In 40% (440/1104) of recommendations, antimicrobial discontinuation was suggested; in an additional 11% (123/1104), antimicrobial de-escalation was recommended; and in 13% (145/1104), an intravenous to oral switch was recommended. Escalation of antimicrobial spectrum was recommended in 2% (25/1104) of cases and antimicrobial initiation in 3% (29/1104). A formal ID consult referral was recommended on 71 occasions (6%).

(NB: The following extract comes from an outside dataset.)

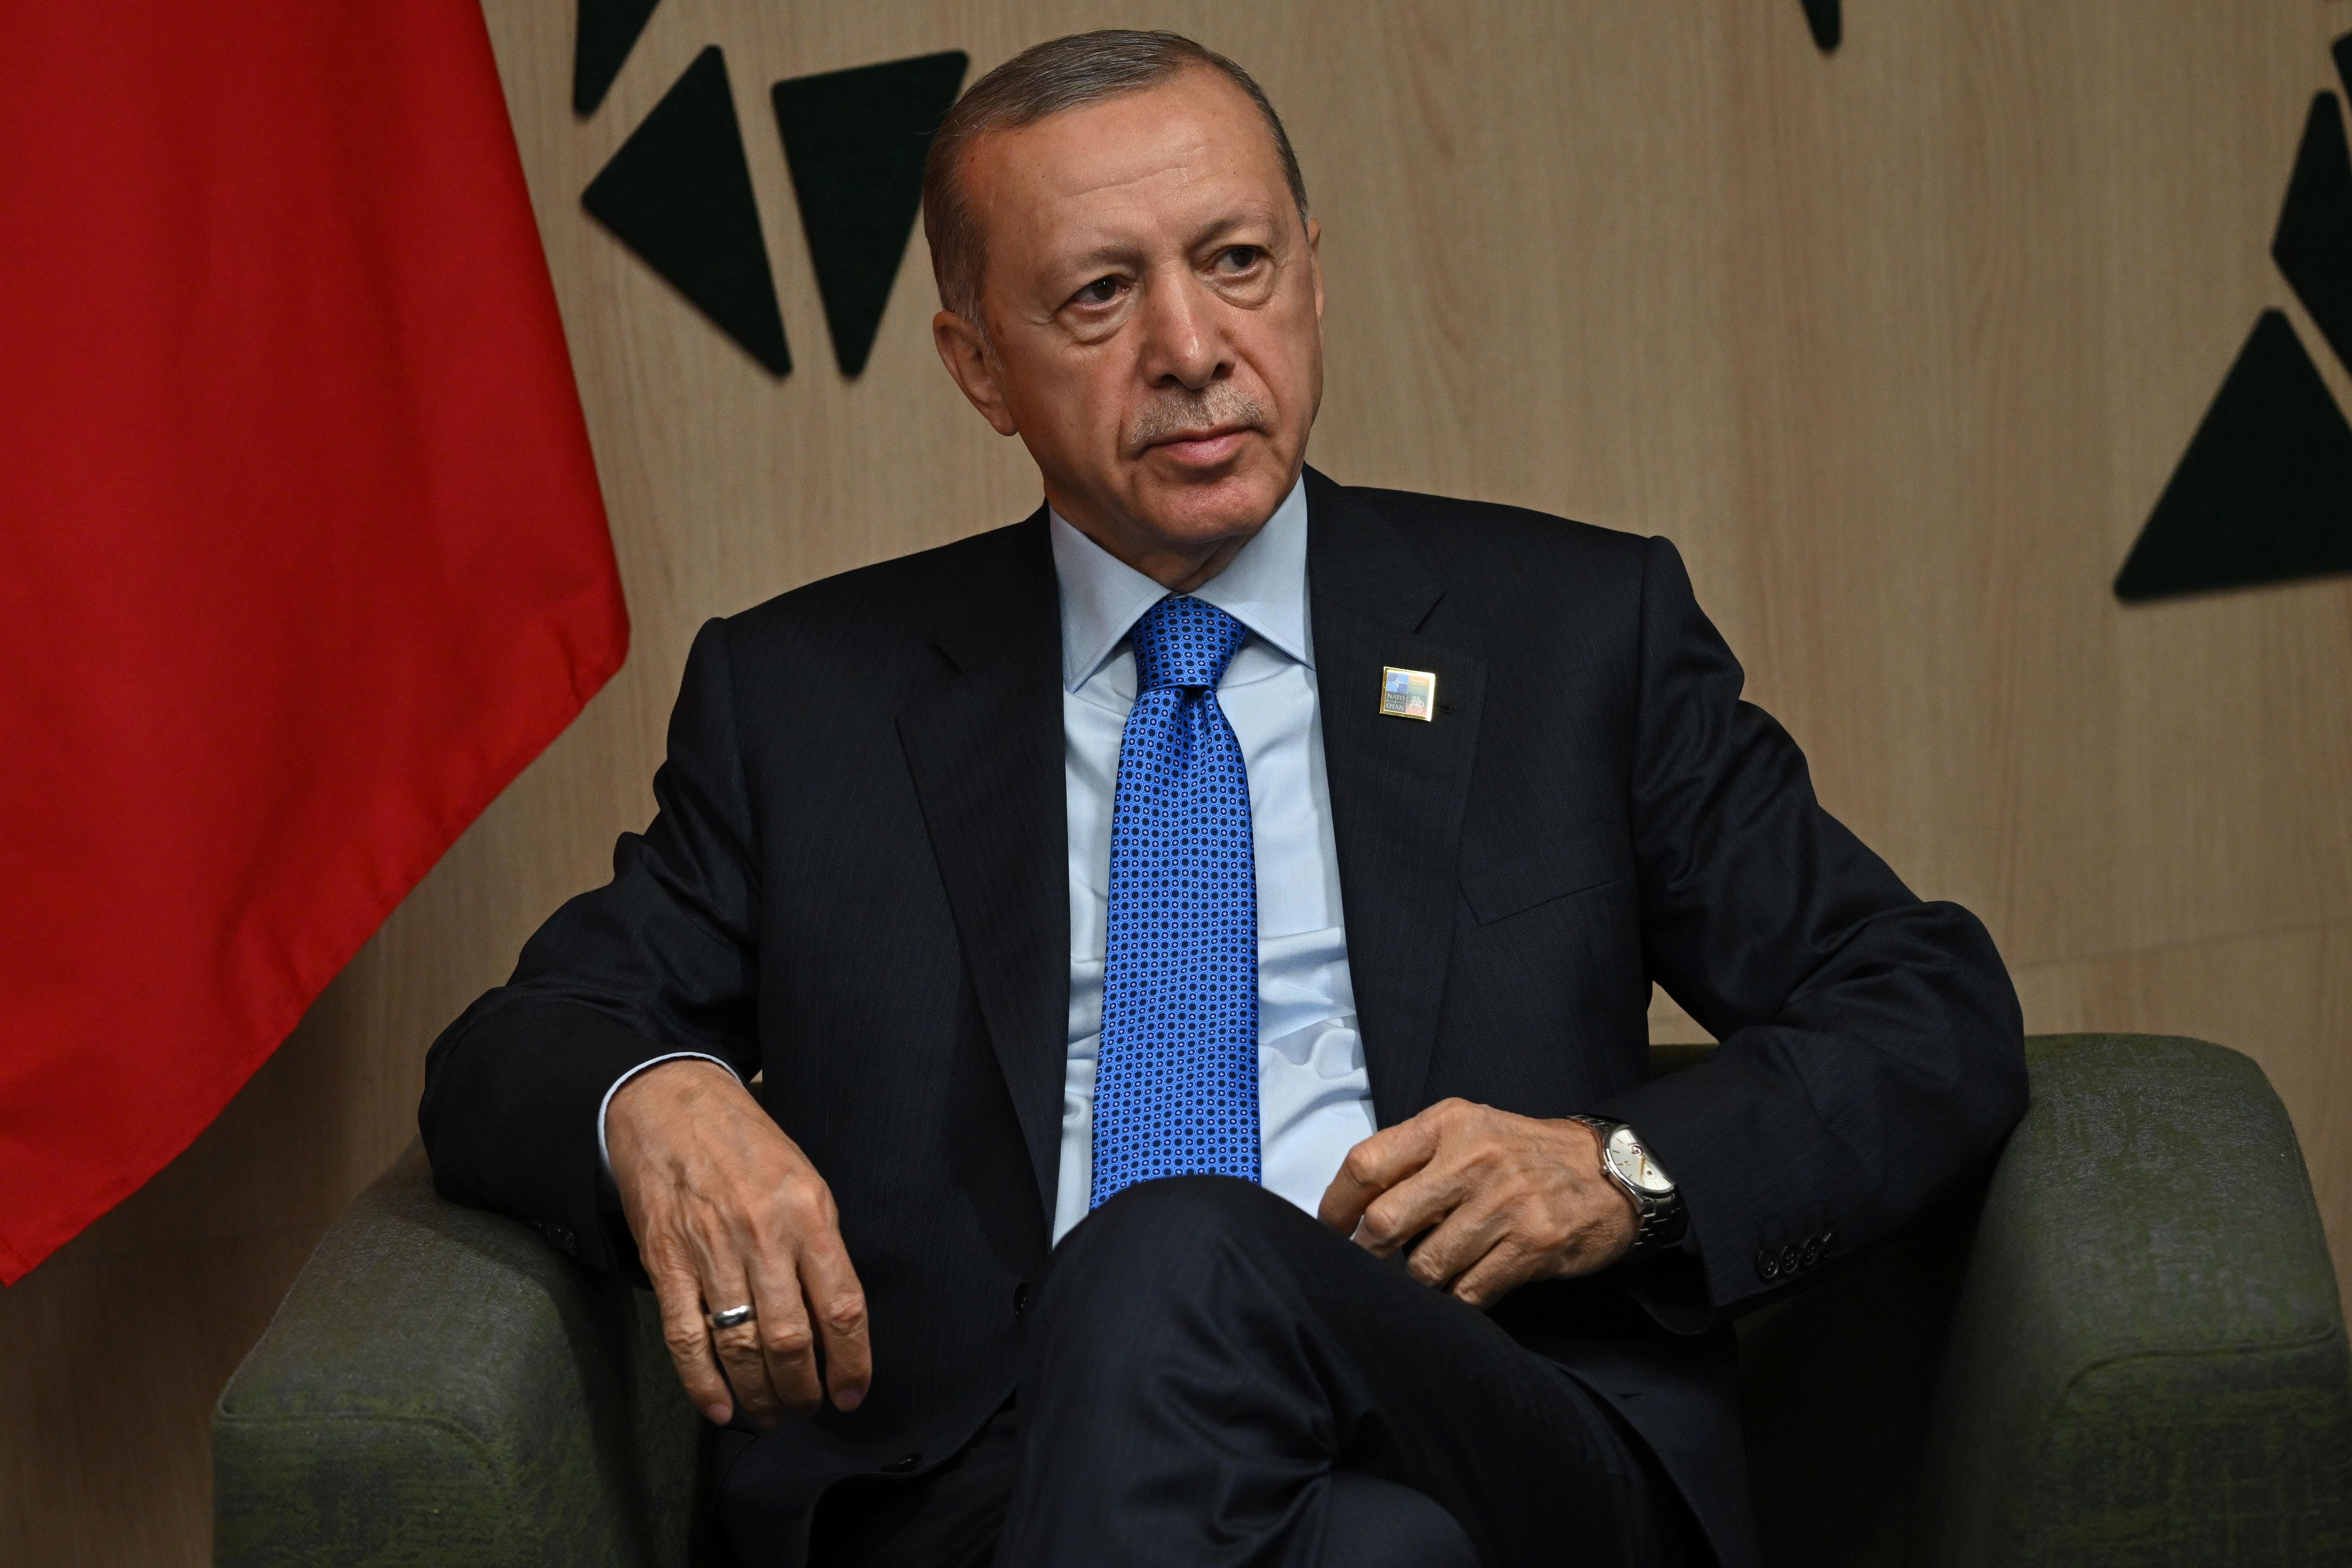 Turkey’s President Recep Tayyip Erdogan during the Nasto summit in Vilnius, Lithuania (Paul Ellis/PA)

In 74% (819/1104) of cases, the recommendation was accepted by the treating team. For most of the unaccepted recommendations (233/285; 82%), no reason was cited for non-acceptance. Where reasons for non-acceptance were documented, they included the use of unapproved unit protocols (13) and the insistence of a more senior doctor in the treating team (14).

Discussion

The antimicrobial stewardship program brought immediate reductions in the use of total broad-spectrum antimicrobials, particularly third/fourth generation cephalosporins and glycopeptides. In addition to case-by-case audit and feedback, regular stewardship rounds identified unapproved unit guidelines, provided an accessible clinical resource for junior doctors, raised awareness of appropriate antimicrobial use and reinforced the use of the web-based antimicrobial approval system. Our experience is consistent with a systematic review of stewardship programs that suggested that restrictive interventions were more likely to be successful than those based only on education or persuasion.9

The interventions that we have implemented are resource intensive, requiring a full-time pharmacist supported by part-time ID physicians (8–10 hours/week). Although a previous study has shown a decrease in several classes of broad-spectrum antimicrobials associated with a web-based approval system only,6 we felt that without an audit and feedback mechanism, this intervention would not be sustainable. Additionally, postprescribing audit and feedback recognises that appropriateness of therapy often needs to be considered on a case-by-case basis, and that broad guidelines on prescribing may not be easily applied to individual patients. Previous studies of similar interventions have found similar patterns of intervention, but on a much less intensive scale.10-12 Despite this, only six of 78 respondents in an Australian survey of hospital pharmacies reported implementing regular multidisciplinary antimicrobial stewardship ward rounds.13

There are several limitations to this observational study. We were unable to definitively ascribe changes in prescribing to the intervention, due to confounders such as concurrent changes in ICU empirical treatment guidelines. Aggregated data on antimicrobial use is not able to provide a measure of appropriateness of use and does not account for changes in antimicrobial dosing. The data on antimicrobial use includes units known to be high users of broad-spectrum antimicrobials (eg, cystic fibrosis) but where the only new intervention was the introduction of the web-based approval system. A formal cost-effectiveness study was not undertaken; however, we note that the antimicrobial classes where significant decreases in use were seen are relatively inexpensive (ceftriaxone 1 g, $1; vancomycin 1 g, $3) and thus are unlikely to offset the cost of the stewardship team based on saved drug costs alone. The antimicrobial use data used in this study were based on pharmacy purchasing data and inpatient stock distribution, with purchasing practices likely to have affected use data and to have potentially introduced delays in use trends. A 2-month worldwide benzylpenicillin shortage occurred during the study period (September–November 2011), which may have affected antimicrobial use trends at this time.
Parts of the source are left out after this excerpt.